*** Recorded data Section Begins ***

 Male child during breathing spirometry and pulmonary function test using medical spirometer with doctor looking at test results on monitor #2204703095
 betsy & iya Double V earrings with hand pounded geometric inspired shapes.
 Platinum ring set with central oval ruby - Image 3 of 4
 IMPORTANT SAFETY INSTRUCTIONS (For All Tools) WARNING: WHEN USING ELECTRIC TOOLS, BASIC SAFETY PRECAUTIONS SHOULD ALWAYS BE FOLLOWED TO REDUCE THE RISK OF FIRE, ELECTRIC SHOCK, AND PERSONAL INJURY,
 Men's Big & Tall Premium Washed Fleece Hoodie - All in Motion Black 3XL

*** Recorded data Section Ends ***

_What the exercise asks_. Every entry must appear in the answer, reproduced exactly.

_Exercise response_.
 Male child during breathing spirometry and pulmonary function test using medical spirometer with doctor looking at test results on monitor #2204703095
 betsy & iya Double V earrings with hand pounded geometric inspired shapes.
 Platinum ring set with central oval ruby - Image 3 of 4
 IMPORTANT SAFETY INSTRUCTIONS (For All Tools) WARNING: WHEN USING ELECTRIC TOOLS, BASIC SAFETY PRECAUTIONS SHOULD ALWAYS BE FOLLOWED TO REDUCE THE RISK OF FIRE, ELECTRIC SHOCK, AND PERSONAL INJURY,
 Men's Big & Tall Premium Washed Fleece Hoodie - All in Motion Black 3XL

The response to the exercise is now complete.